We speak of course about It's a Great Existence, the story of Eugene Bailey and his wife Gertrude, who eke out a reasonable living in the little town of Mount Bedford. Eugene runs the Local Citizens Credit Union while Gertrude raises the children, including Jennifer, who puts some rose thorns in her daddy's coat pocket one night (giving rise to the famous scene where Eugene exclaims, "Jenny's thorns!")

All goes pretty well until a day when Eugene's forgetful uncle, Fred, who helps to run the credit union, misplaces an $8,000 deposit in the lobby of a bank run by the Bailey family's arch-nemesis, Mr. Pfefferhasen, who hates the credit union because it offers lower interest on loans. Spying the panicked uncle from inside his office, the evil Pfefferhasen sneaks into the lobby, steals the deposit, and calls the credit union examiner to report the theft—by Fred.
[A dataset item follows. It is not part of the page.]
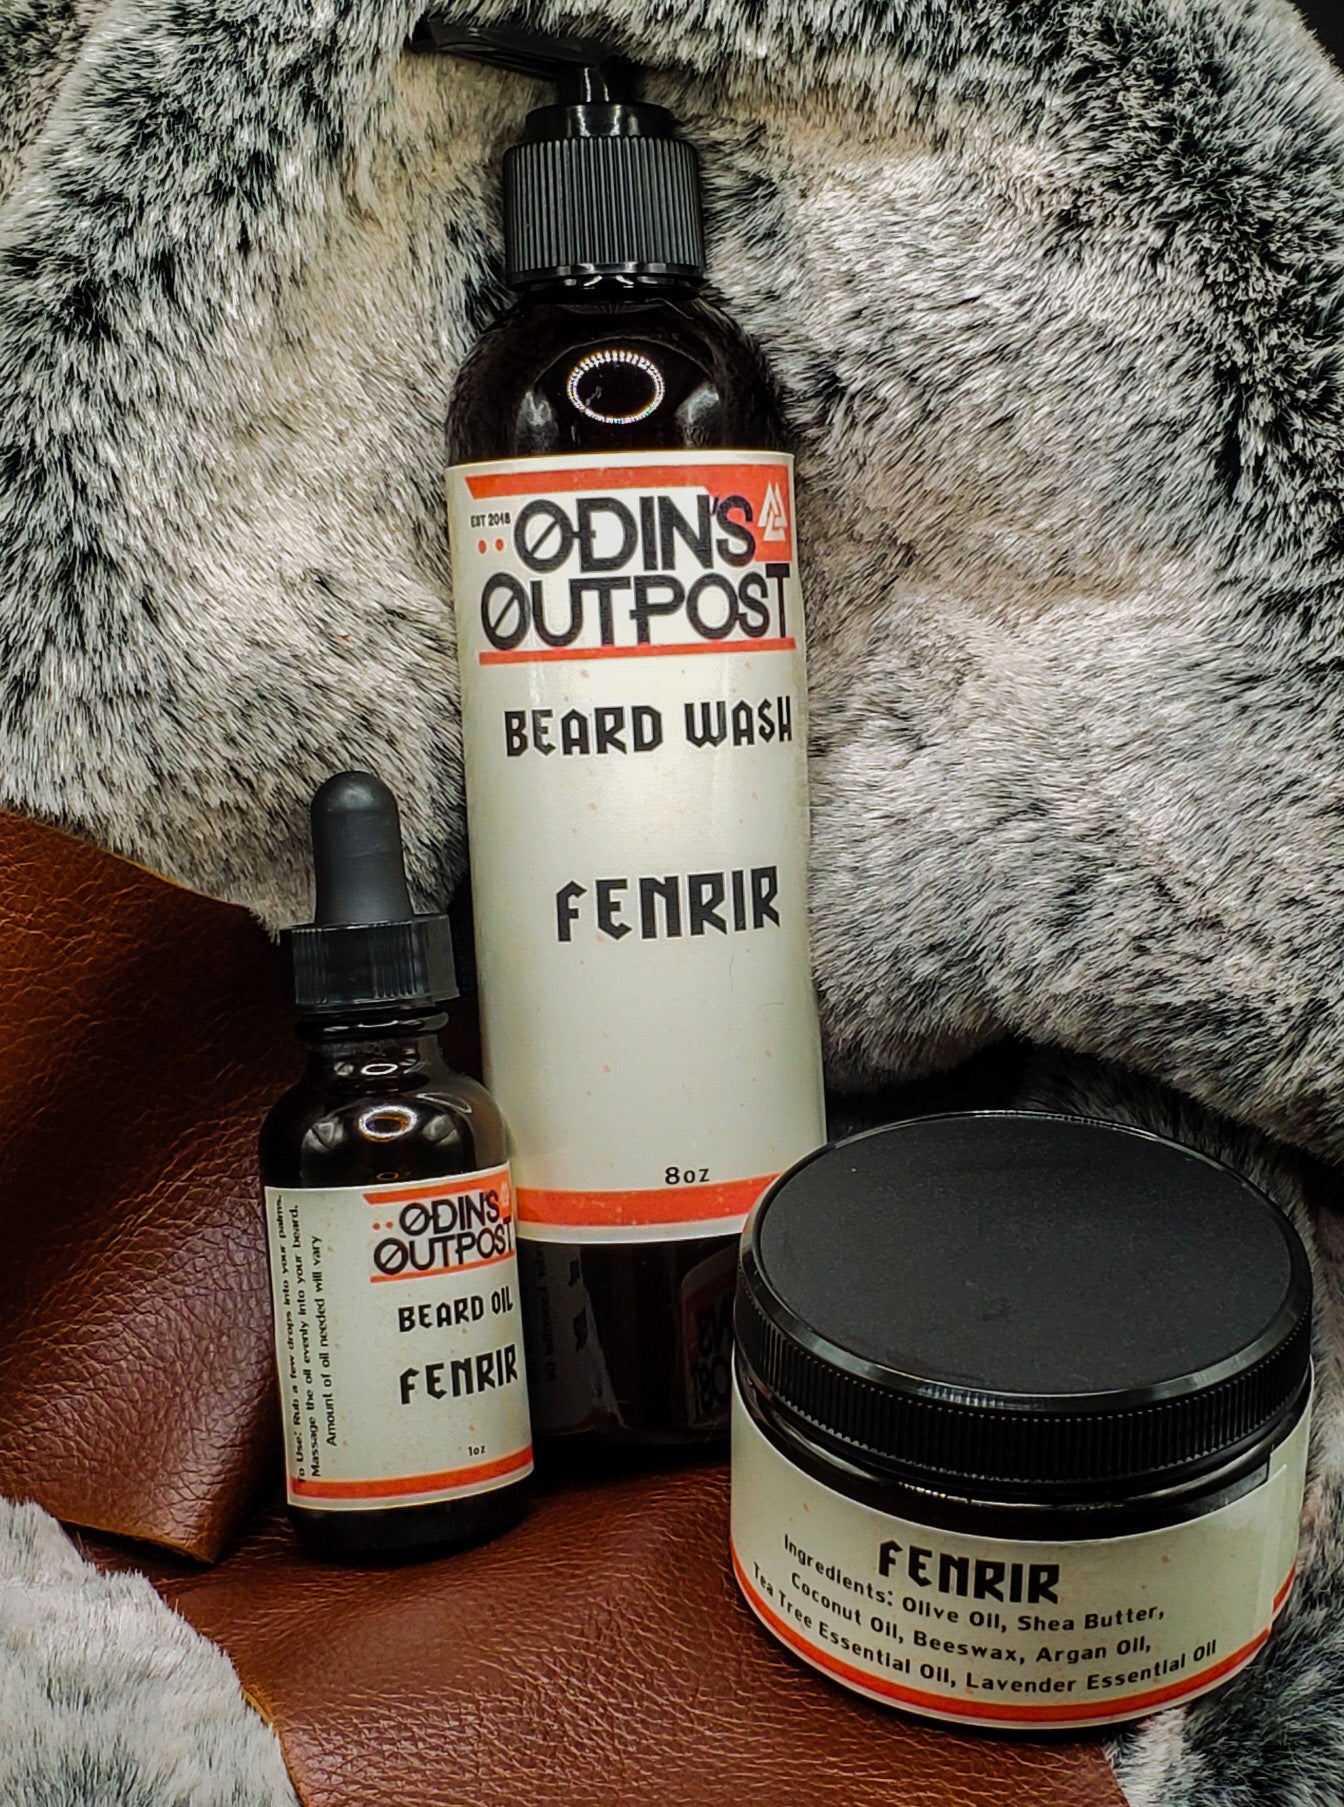 Fenrir Beard Grooming Set // Beard Oil Beard Balm Beard Shampoo // Tea Tree and Lavender Scented

This, of course, is where things start to fall apart for Eugene, who pretty quickly is out getting drunk, starting fights with his friends Josh the cop and Tony the cab driver, and wishing he'd never been born. Luckily, God sends an angel named Ralph to intervene just as Eugene flings himself off the top of Mount Bedford. Through a series of flashbacks, Ralph shows Eugene how the lives of everyone around him would be different if he had never been born.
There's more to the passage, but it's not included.